June 5 - 6, 2010
Jeff Foster (University
Symbolic execution, first proposed more than 30 years ago as an approach to enhanced testing, has received significant recent attention as a bug finding technique. When used for bug finding, symbolic execution is applied heuristically to search a small portion of the program's execution space. In this talk, I will discuss our progress on pushing symbolic execution beyond bug finding, towards new program analysis, understanding, and synthesis applications. I will describe four projects under way: (1) An empirical analysis of software configuration spaces, using symbolic execution as an empirical apparatus; (2) A project to check web application security using symbolic execution; (3) A new system that mixes precise symbolic execution with coarse type-based static analysis; and (4) A program synthesis tool that uses symbolic execution to automatically create program inverses. All of these projects take advantage of the strengths of symbolic execution---fully precise execution with minimal abstraction---while side-stepping performance and tractability limitations. Ultimately, I expect that judicious use of symbolic execution will be a key component in many of the program analysis, understanding, and synthesis tools of the future.

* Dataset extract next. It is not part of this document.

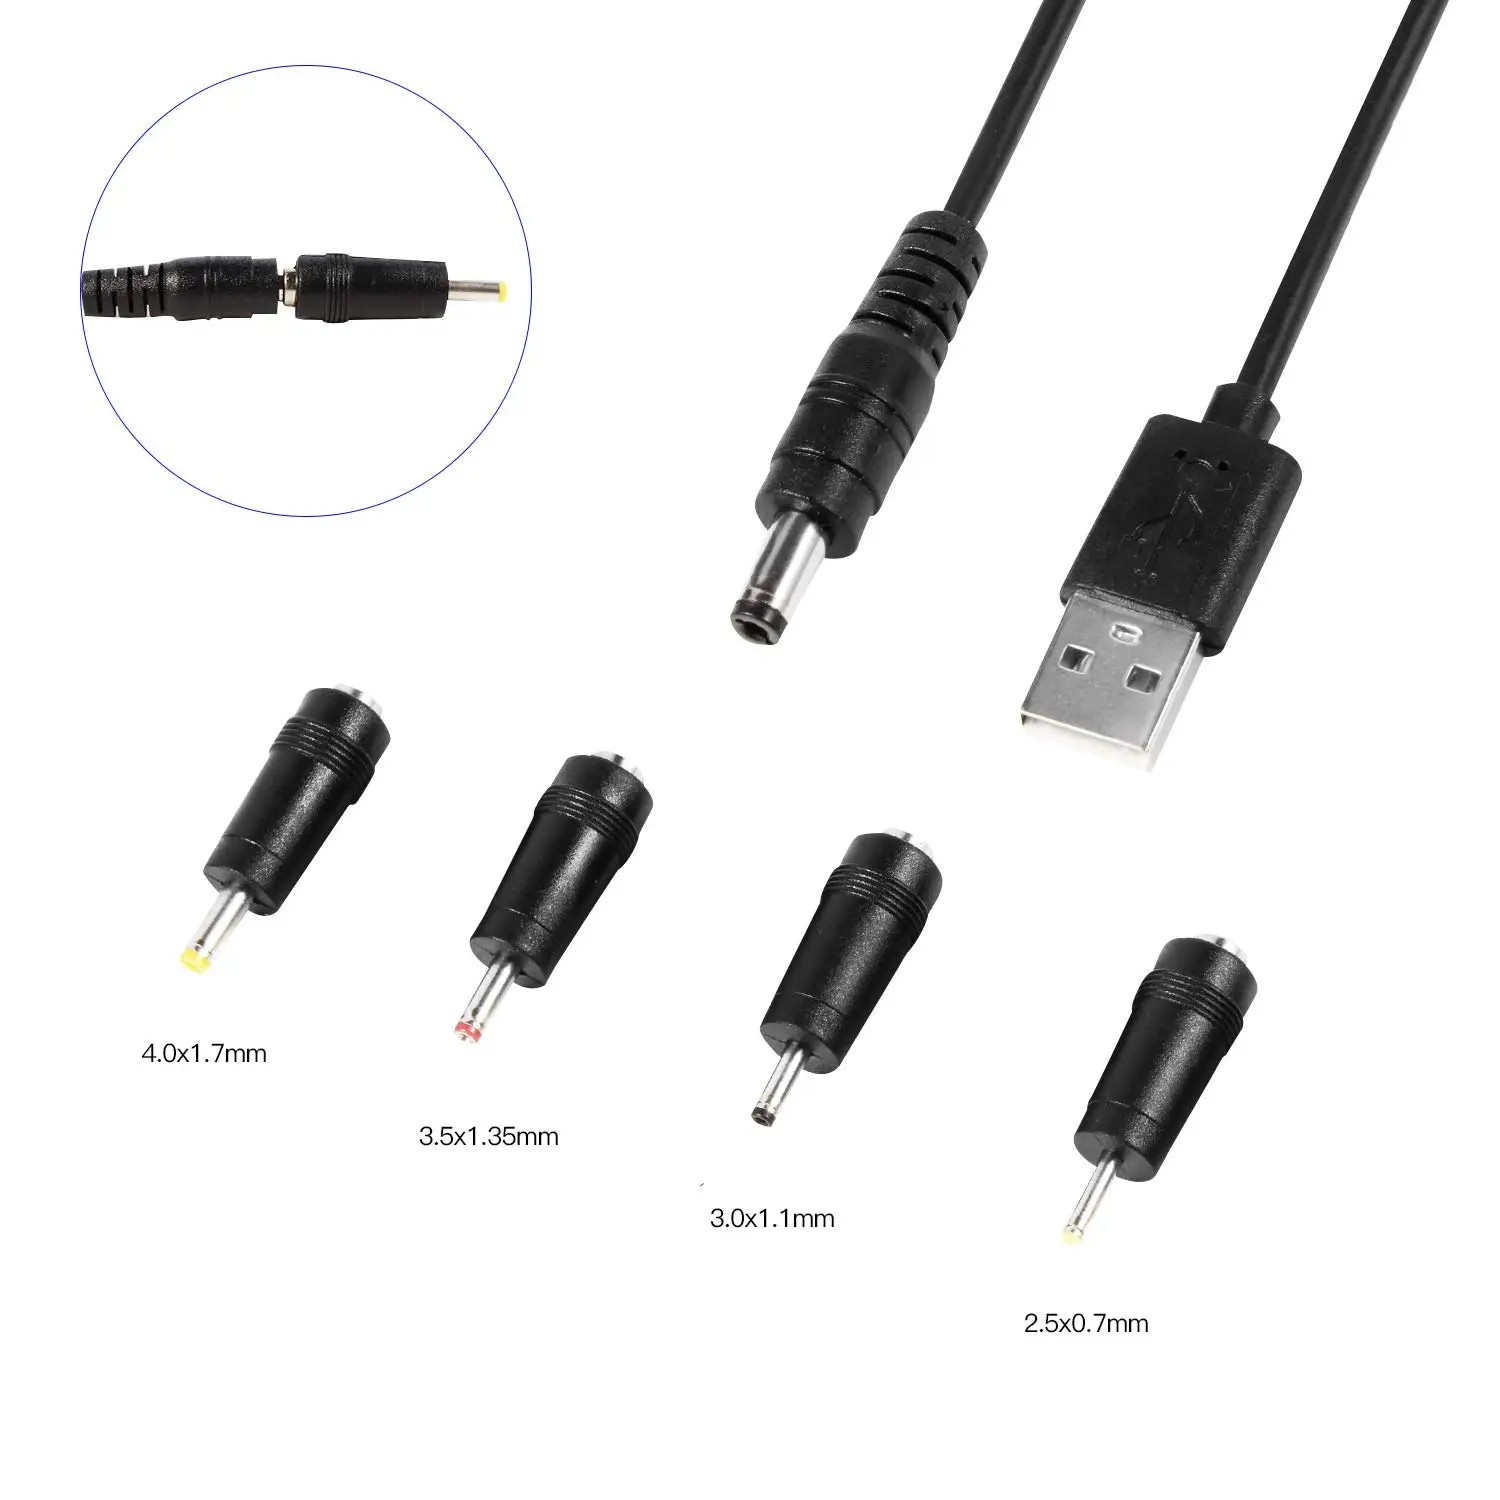 Кабель 5 вольт. Штекер зарядки: DC 5,5*2,5 mm. Кабель питания USB / DC Jack 2,0 mm. Кабель питания USB DC 5.5 Х 2.5 мм. USB -DC 2mm кабель.

Jeff Foster is an Associate Professor in the Department of Computer Science at the University of Maryland, College Park. He received his Ph.D. in Computer Science from the University of California, Berkeley, and he received M.Eng. and B.S. degrees from Cornell University, also in Computer Science. Jeff's research aims to develop programming language technology to solve software engineering problems. His current focus is on symbolic execution, analysis of dynamic scripting languages, dynamic software updating, and program synthesis.